Sunday, 12 August 2012

Kazakhstan, Kazakhstan You Very Nice Place III


Шымкент до Алматы  Skymkent to Almaty 06.08-07.08

As mentioned, everything went swimmingly up until about 40 minutes before the train back to Almaty. I had been in contact with Aleks and knew he was on the way back from Turkistan in the afternoon, but I guess there was some heavy police presence on the highway which made driving very slow. So, it became obvious he wouldn’t make it in time for the train. We tried planning out the next few stops and schedule so he could try to hire a taxi to race out to one of them, but that didn’t really pan out or simply seem reasonable. Instead, he hopped on a bus and took it back to Almaty.

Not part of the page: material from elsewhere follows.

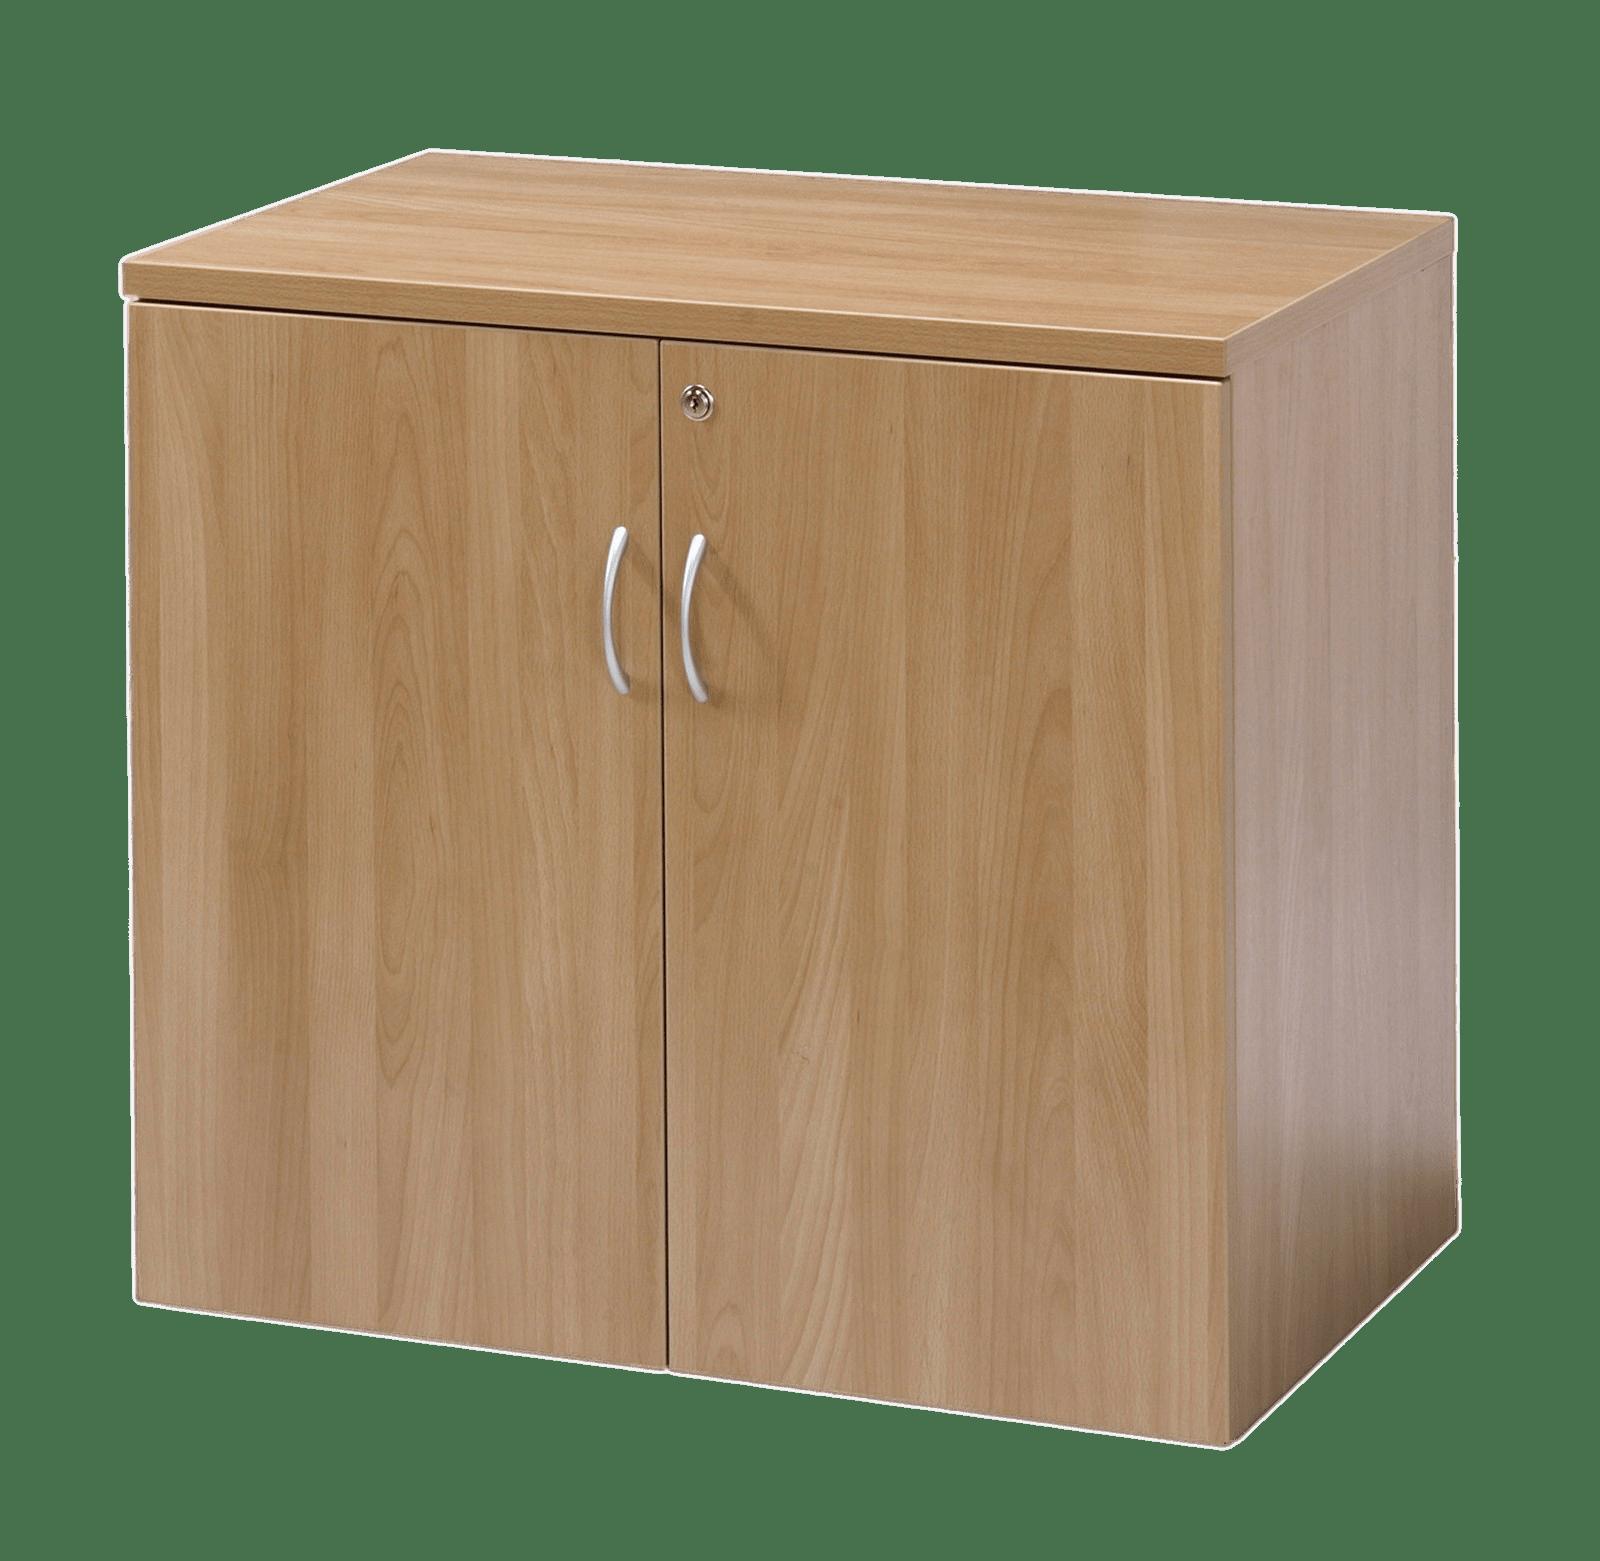 Dresser clipart cubboard. Wooden office cupboard transparent

Now, if a platzkart can be uncomfortable, a bus for 15 hours without having showered for a full day or so and having spent that day in Turkistan where the average daily summer temperature is about 45-50 degrees Centigrade… I suppose you get the point. However, he dutifully made it to Almaty and met us at Tam’s flat where we had time to shower and he did not.

The train ride itself went smoothly and I slept for most of it while holding onto a bar so I wouldn’t roll off my bunk. It worked and I was well rested. We arrived in Almaty around 08:00 on August 7th before heading to Tam’s place where we rendezvoused with Aleks. From there, we headed to the bus station, said our goodbyes to the girls, thanked them for their wonderful hospitality, and headed to a café for a final lunch of lagman noodles in Almaty. Afterwards, Aleks and I grabbed a marshrutka back to Bishkek.

On the markshrutka, we made friends with a Russian from the Sochi region who was heading to Kyrgyzstan for mountain climbing with friends. We also met two Uighur women heading home to Bishkek and others on the marshrutka – as I said, everyone wants to know you and why you are in this part of the world. When they find out you speak Russia, this only encourages them to converse with you and usually leads to memorable conversations and meetings.

The border process took about 15 minutes without any issues except for the confused Kazakh border officer who asked us why we didn’t have another Kazakh visa. We told her we would not be coming back…. Her reply: why don’t we want to come back? It was a good laugh in a place known for tension and stress and others in line shared in it. Good fortune is bestowed upon Canadians in the most foreign of places…

We arrived in Bishkek in the afternoon and our Russian friend accompanied us home for a short visit before heading off to meet his hiking companions. I went out to dinner with another friend and wrapped up the evening overlooking the sunset in the mountains on a balcony at a pizza restaurant.

Our time in Kazakhstan was relaxing, rewarding, insightful, full of generosity; and of course, checkered with uncountable new friends, encounters, and conversations with people you will likely never see again.

On the whole, Kazakhstan…. You very nice place.

My bunk.


Platzkart bunks.


Border.


1 comment:

  1. Man, great trip! And awesome pictures. Glad to hear your trip to Central Asia has been as awesome as it has. Looking forward to catching up soon. Enjoy the rest of your trip, C-man!